Re: How to optimize a regex on a large file read line by line ?
by LanX (Saint) on Apr 16, 2016 at 14:32 UTC
Re: How to optimize a regex on a large file read line by line ?
by graff (Chancellor) on Apr 16, 2016 at 16:29 UTC
    Not that this would make a big difference in terms of run-time, but you don't have to keep your own counter for the number of lines in the file. The predefined global variable $. does that for you (cf. the perlvar man page):
    print "Num. Line : $. - Occ : $counter2\n";
    A few other observations...

    I fetched the "10-million-combos.txt.zip" file you cited in one of the replies above, and noticed that it contains just the one text file.
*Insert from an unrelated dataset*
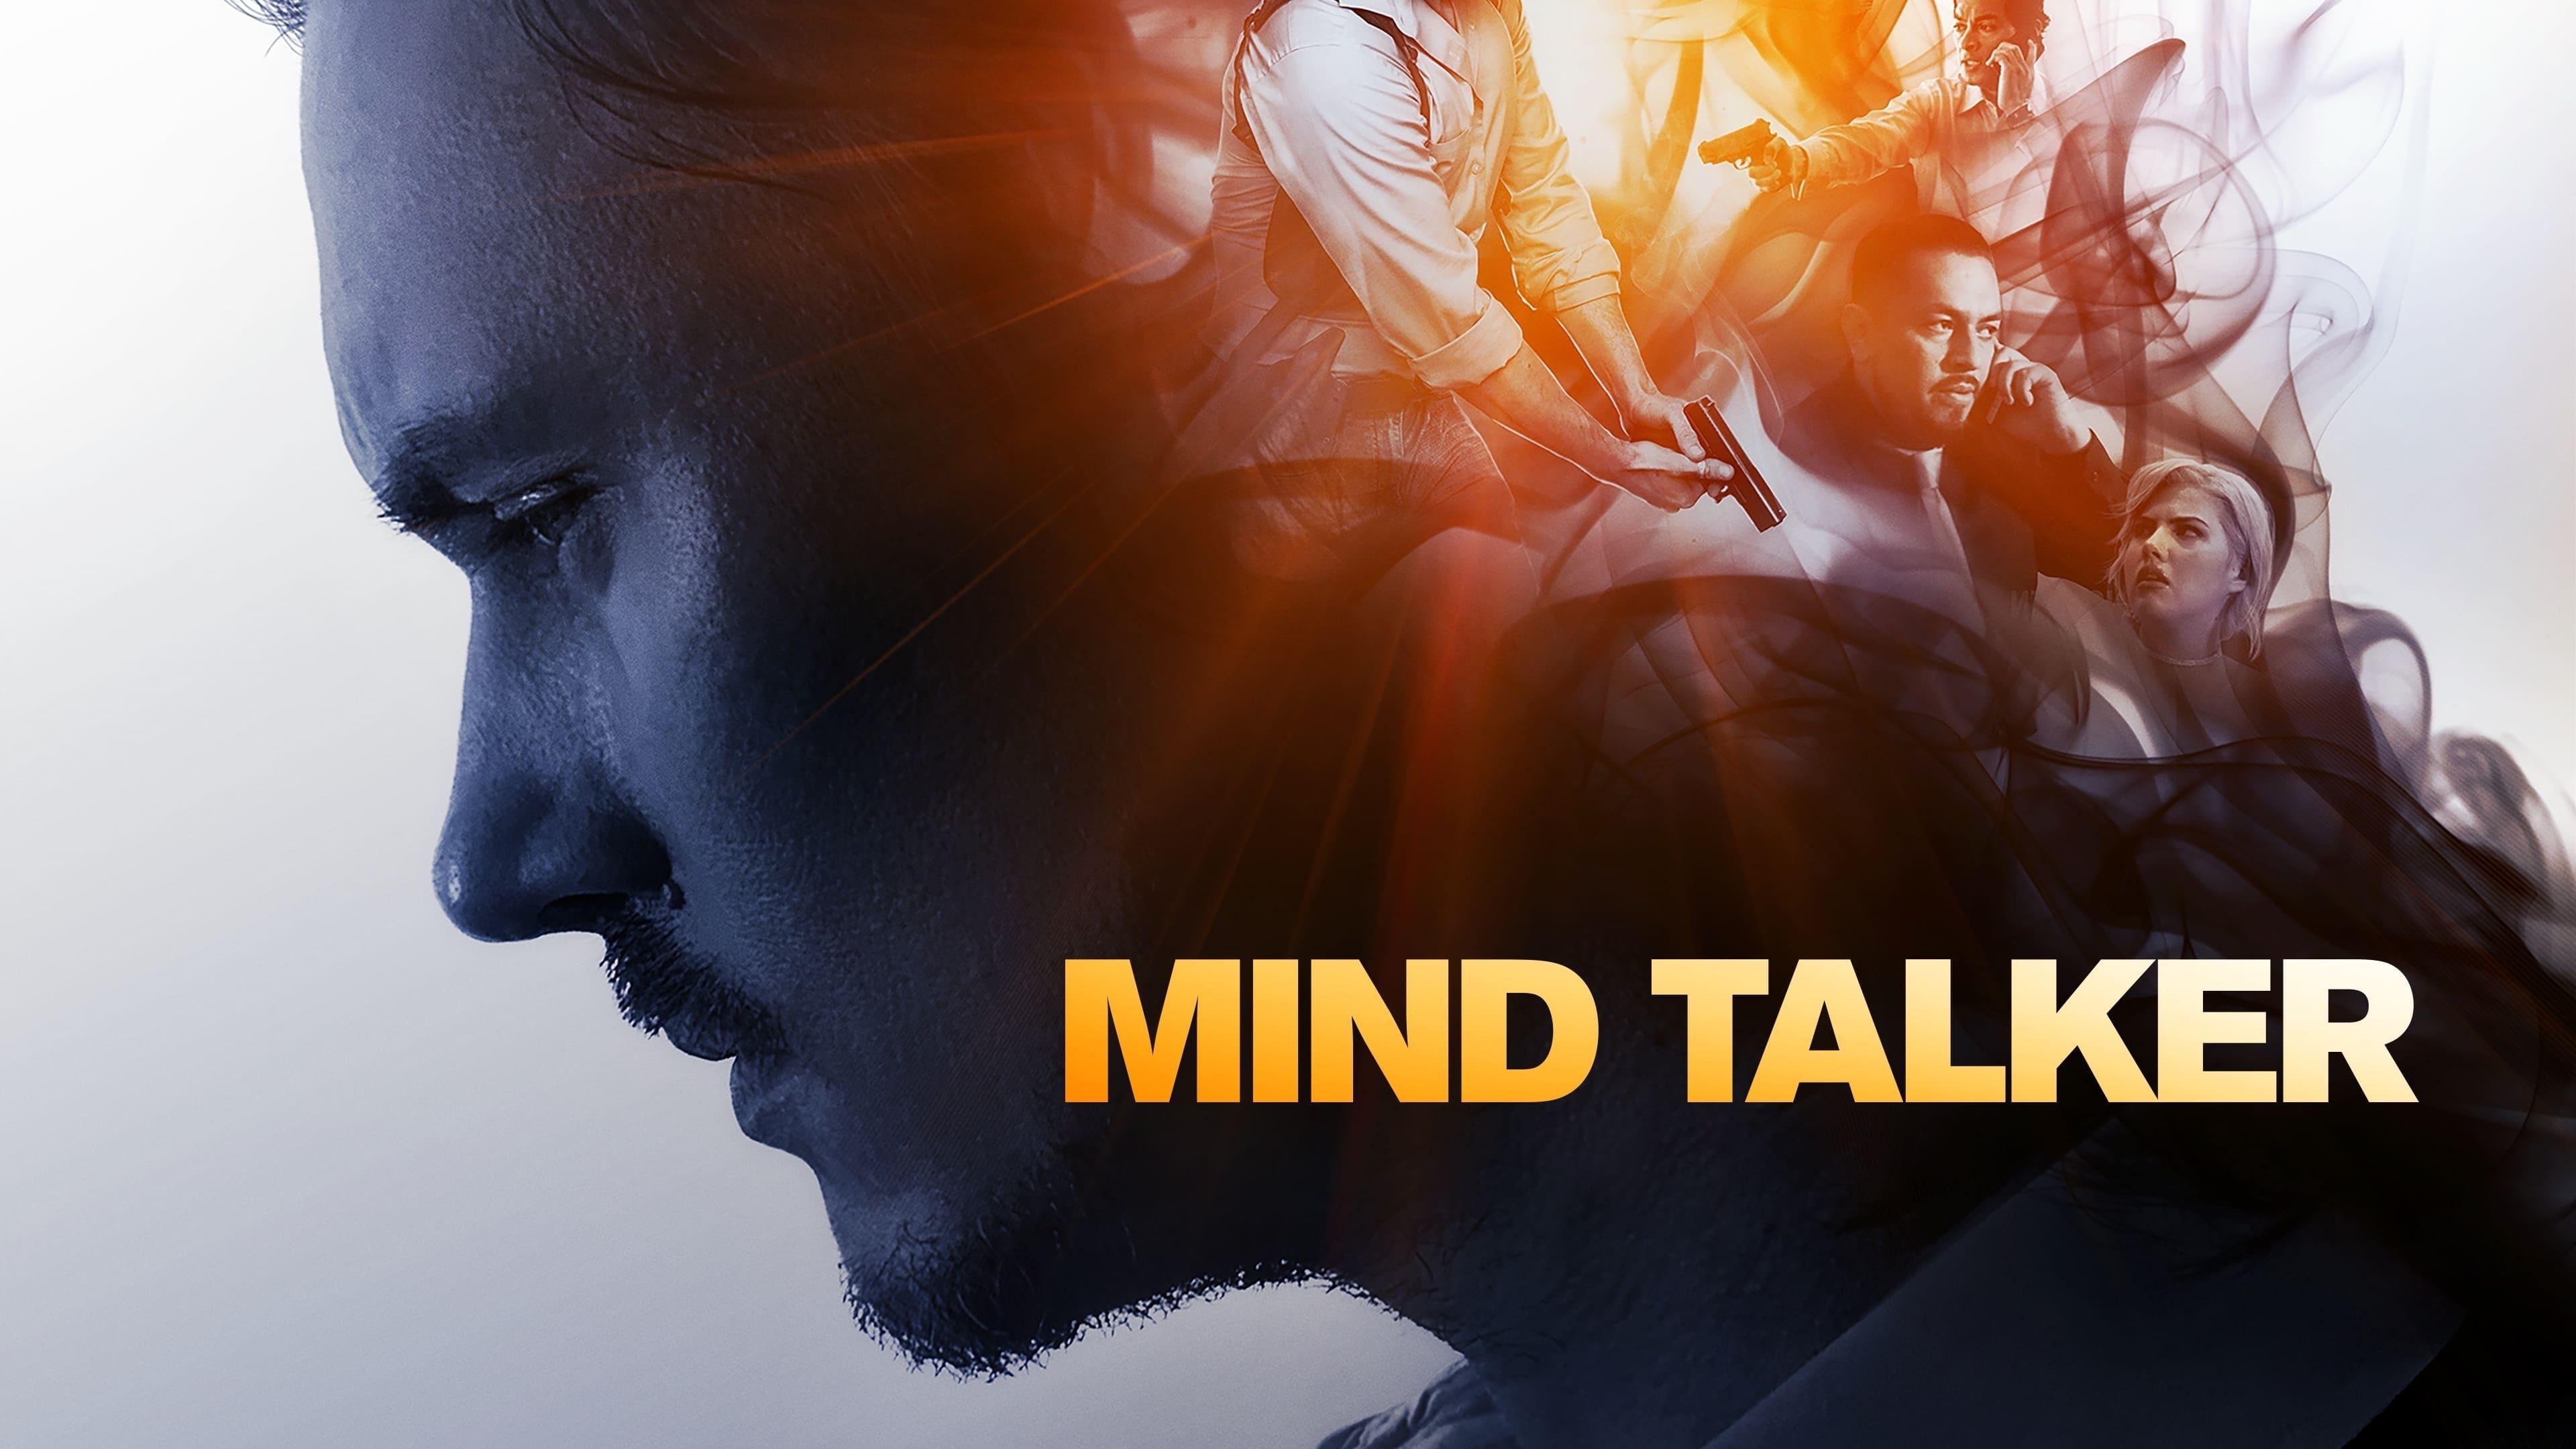 Película Mind Talker en GNULA

In terms of benchmarking, you might find that a command-line operation like this:

    unzip -p 10-million-combos.txt.zip | perlscript
    is likely to be faster than having the perl script read an uncompressed version of the file from disk, because piping output from "unzip -p" involves fetching just 23 MB from disk, as opposed to 112 MB to read the uncompressed version. (Disk access time is always a factor for stuff like this.)

    Spoiler alert: your file "10-million-combos.txt" does not contain any lines that match /123456$/. UPDATE: actually, there would be 2 matches on a windows system, and I find those two on my machine if I search for /123456\r\n$/.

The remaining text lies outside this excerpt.